Bien qu’il ne subsiste plus de doute quant à la possibilité réelle, pour des professionnels formés à l’étranger, de démontrer l’existence d’une discrimination prima facie à leur égard dans l’accès aux professions réglementées, certaines incertitudes persistent. Sans en dresser ici une liste exhaustive, nous croyons important de nous pencher plus particulièrement sur quatre d’entre elles.

La première incertitude concerne le type de mesures ou d’exigences que les tribunaux considèrent avoir un effet discriminatoire. En effet, bien que les tribunaux ne se soient pas encore prononcés sur ces mesures, il est permis de se questionner sur certains critères de sélection des ordres, tels l’éloignement de la pratique ou des études pendant un certain temps[114] ou encore sur les lacunes dans l’information rendue accessible aux professionnels formés à l’étranger quant aux démarches d’admission[115]. Bien que la Cour du Banc de la Reine de l’Alberta ait considéré que l’exigence de détenir une expérience de travail canadienne n’était pas discriminatoire[116], des questions subsistent quant à la validité de cette condition d’accès à la pratique professionnelle, comme le souligne notamment la Commission ontarienne des droits de la personne[117].

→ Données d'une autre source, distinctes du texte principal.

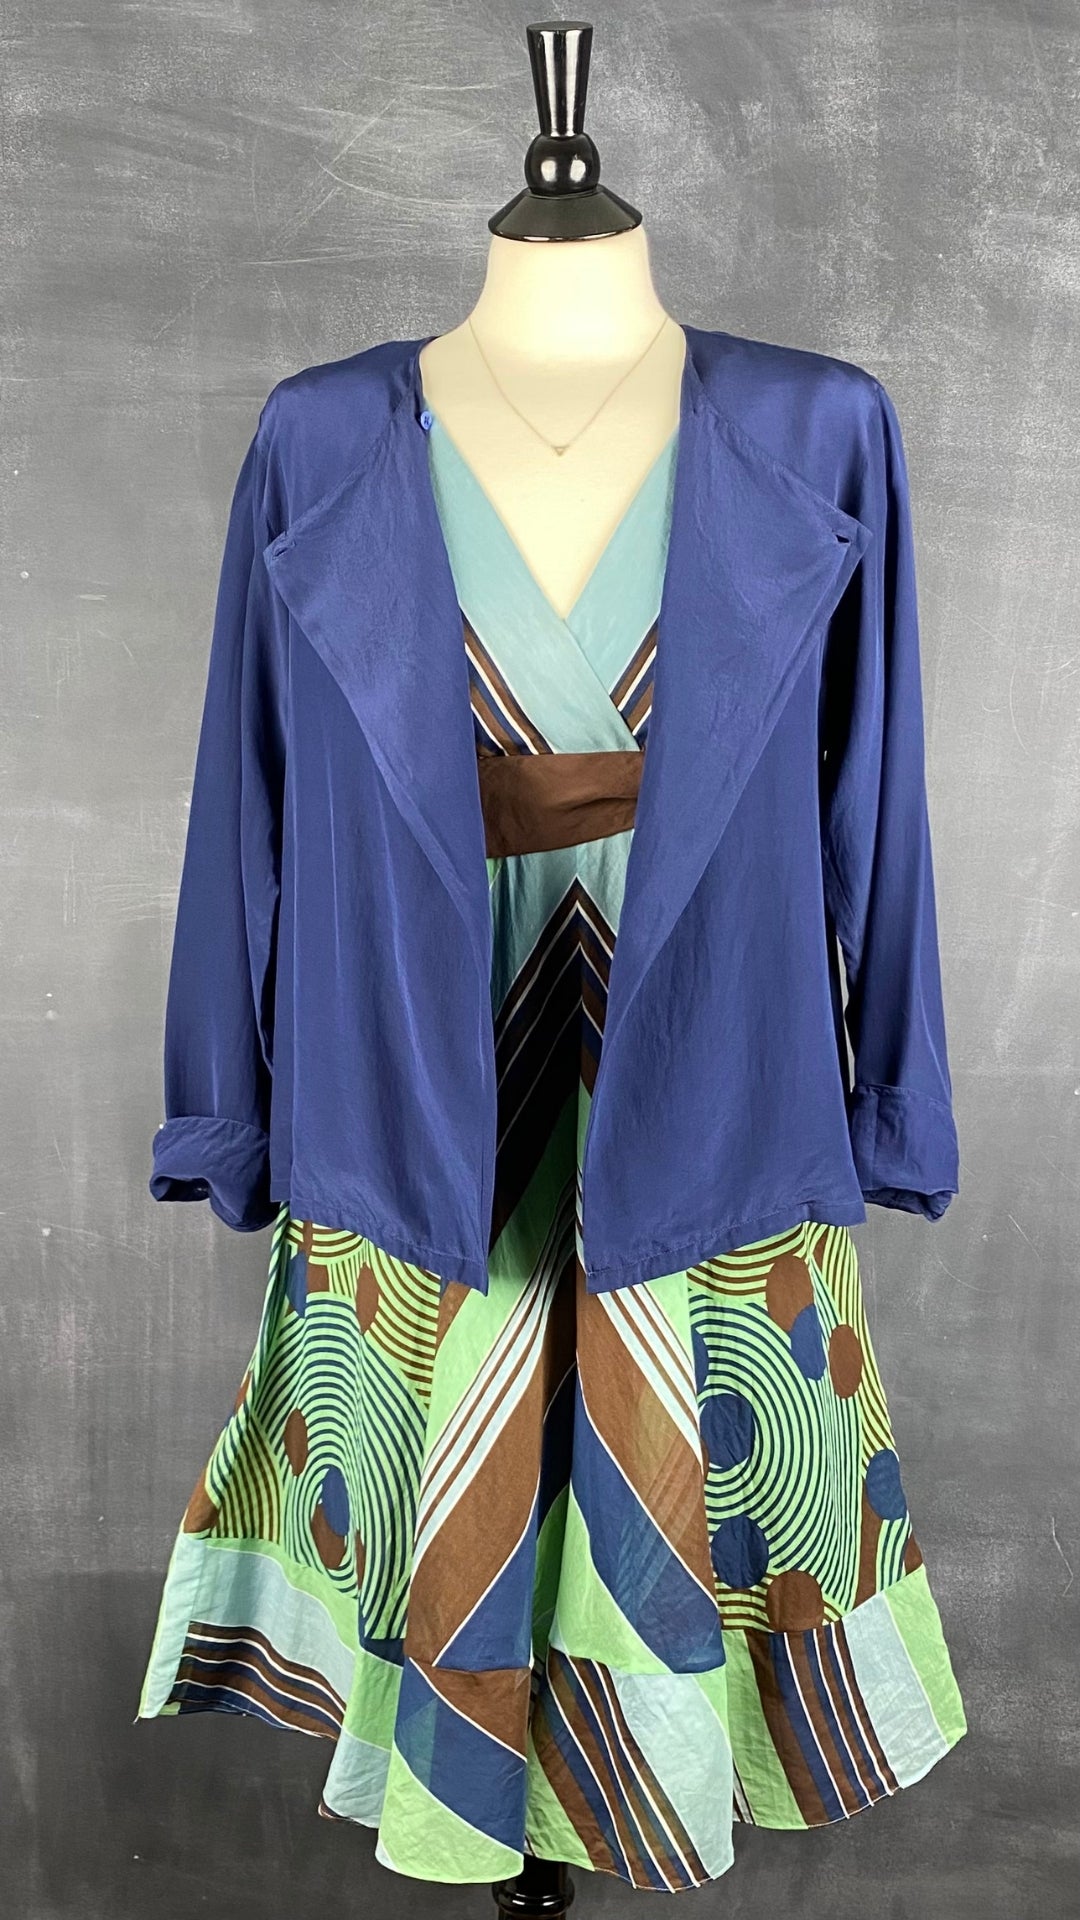 Robe à rayures et motifs géo en soie et coton BCBG Max Azria, taille 6. Vue de l'agencement avec la veste en soie Calvin Klein.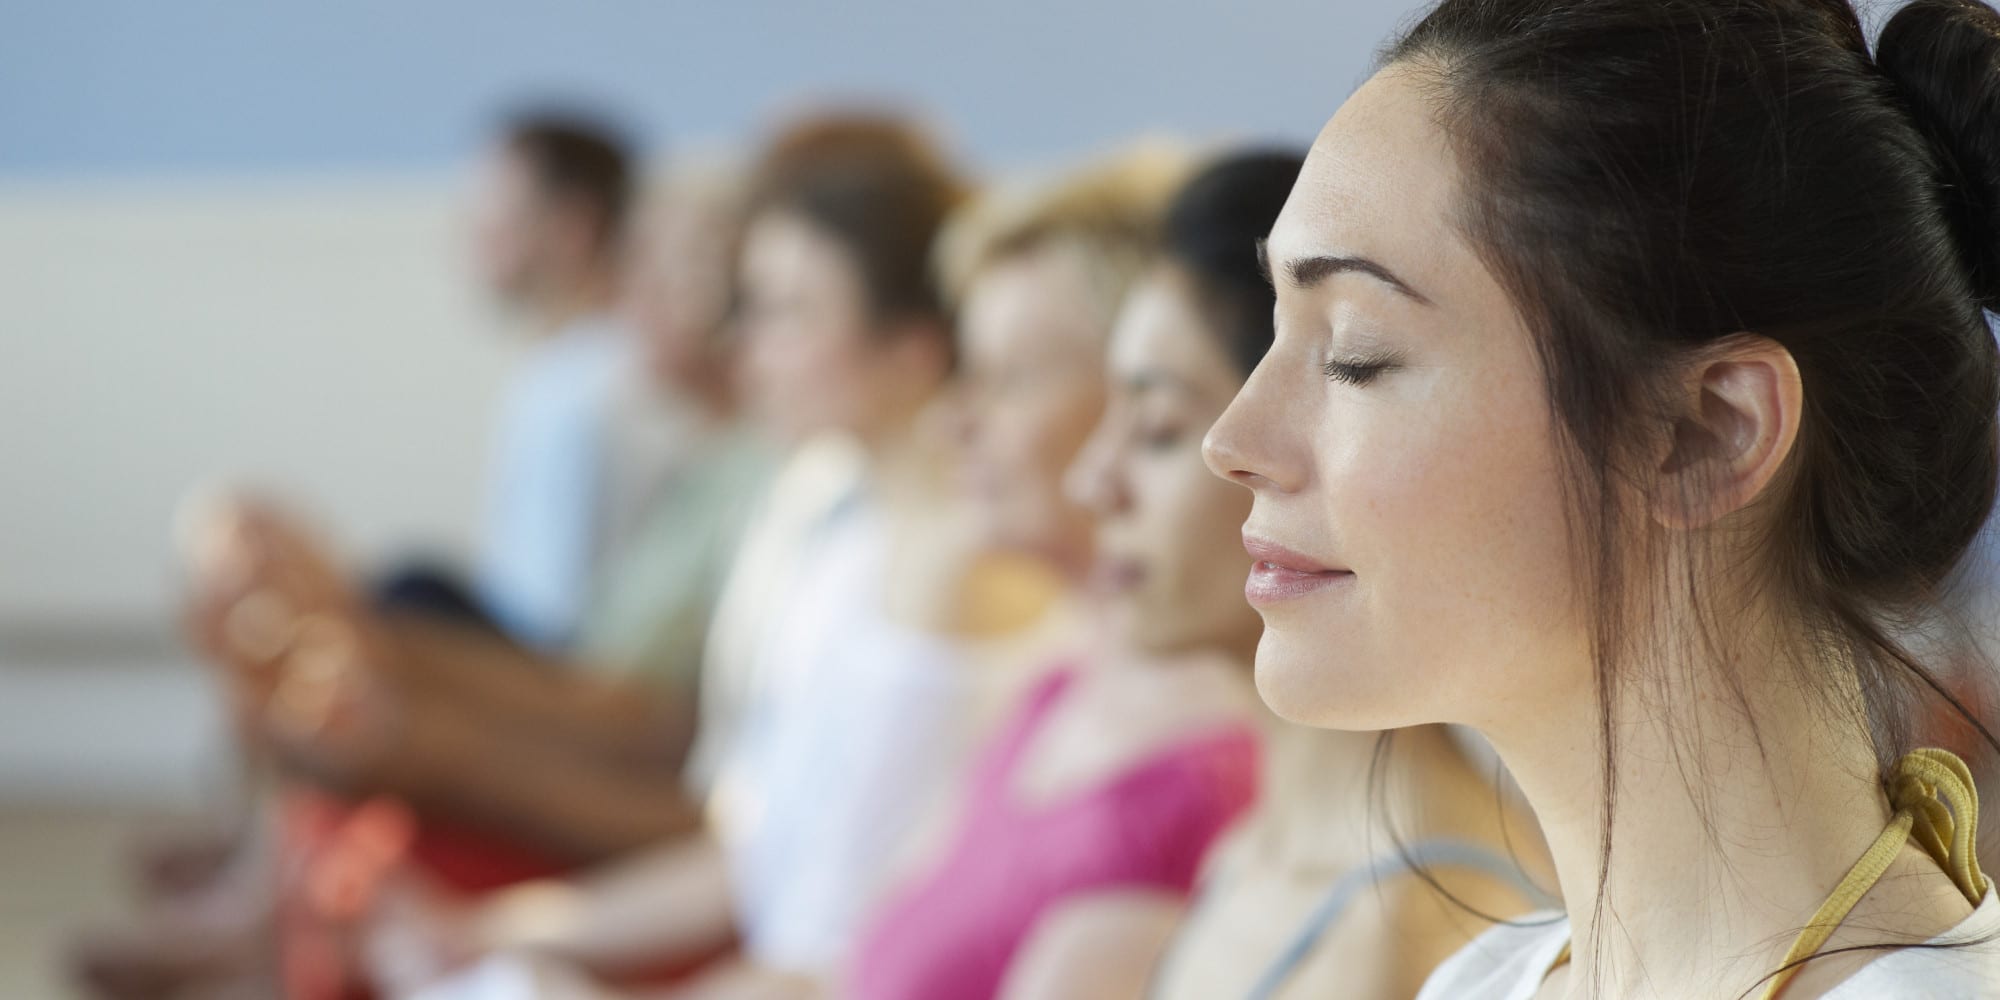 meditazione mindfulness trasformare i pensieri negativi: meditazione mindfulness

La deuxième incertitude dont il convient de traiter, qui est intimement liée à la première, concerne le contexte dans lequel s’insèrent des conditions imposées aux professionnels formés à l’étranger, et plus particulièrement lorsque celles-ci découlent de procédures ou de programmes ayant pour objet de faciliter l’accès des professionnels formés à l’étranger aux professions réglementées. En effet, dans l’arrêt Forghani, la Cour d’appel du Québec a conclu qu’une restriction territoriale à la pratique de la médecine d’une durée de quatre ans, imposée dans le cadre d’un programme destiné aux médecins formés à l’étranger et qui leur permettait d’intégrer les effectifs du corps médical sans avoir à recommencer toutes leurs études universitaires, n’était pas discriminatoire, car elle n’avait pas pour effet de désavantager les professionnels formés à l’étranger, même si le non-respect de cette condition était sanctionné d’une amende de 50 000 $ par année. Selon la Cour, cette condition ne leur était pas préjudiciable, car elle s’inscrivait dans un programme volontaire permettant aux professionnels d’accéder plus rapidement à la profession[118]. Il va de soi que malgré ces restrictions géographiques, le fait de souscrire au programme était nettement plus avantageux pour les médecins formés à l’étranger que de recommencer leurs études. Il n’en demeure pas moins que ceux-ci se faisaient imposer des conditions différentes afin de faire reconnaître leurs compétences, en sus de la restriction à leur mobilité intraprovinciale.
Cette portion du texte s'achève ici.